(Geneva) —An expert group convened by the World Health Organization said Tuesday it “strongly supports urgent and broad access” to booster doses, in a reversal of the U.N. agency’s previous insistence that boosters weren’t necessary and contributed to vaccine inequity.
WHO stated that it had received a report from its expert panel stating that vaccines authorized by COVID-19 provide protection against severe diseases and deaths in light of Omicron’s global spread.
It was stated that people who are at highest risk for severe diseases should be vaccinated, and boosters may also be used.
Last year, WHO’s director-general Tedros Adhanom Ghebreyesus called for a moratorium on booster doses while dozens of countries embarked on administering the doses, saying rich countries should immediately donate those vaccines to poor countries instead. WHO scientists indicated that at that point they were continuing to analyze incoming data.

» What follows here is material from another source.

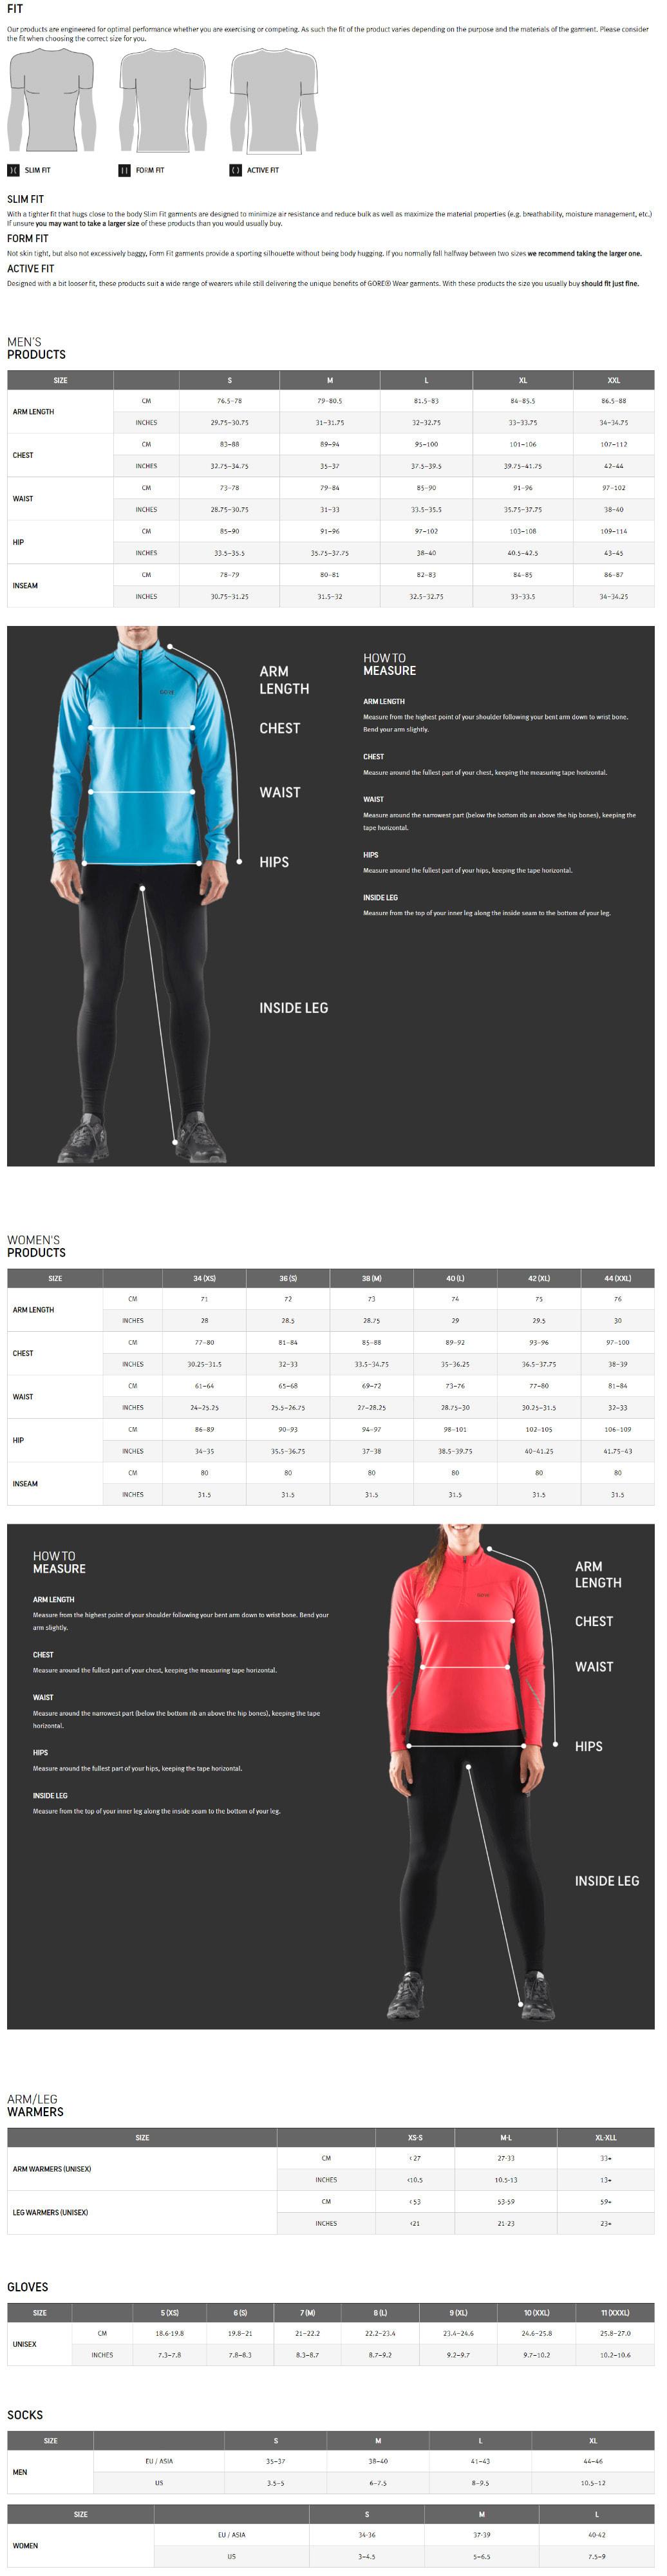 Gore Wear Size Charts

Numerous studies in science have shown that authorized vaccine booster doses protect against COVID-19 and restore weak immunity. Omicron infection surges were prevented by booster programs in wealthy countries like the U.S., Canada, and Britain.
WHO said it is continuing to monitor the global spread of Omicron, including a “stealth” version known as BA.2, which has been documented to have re-infected some people after an initial case of Omicron. There’s mixed research on whether it causes more severe disease, but vaccines appear just as effective against it.
WHO pointed out that all current COVID-19 approved vaccines were based on the same strain found in Wuhan (China) more than three decades ago.
“Since then, there has been continuous and substantial virus evolution and it is likely that this evolution will continue, resulting in the emergence of new variants,” the agency said. It stated that vaccines against coronavirus would need to be improved.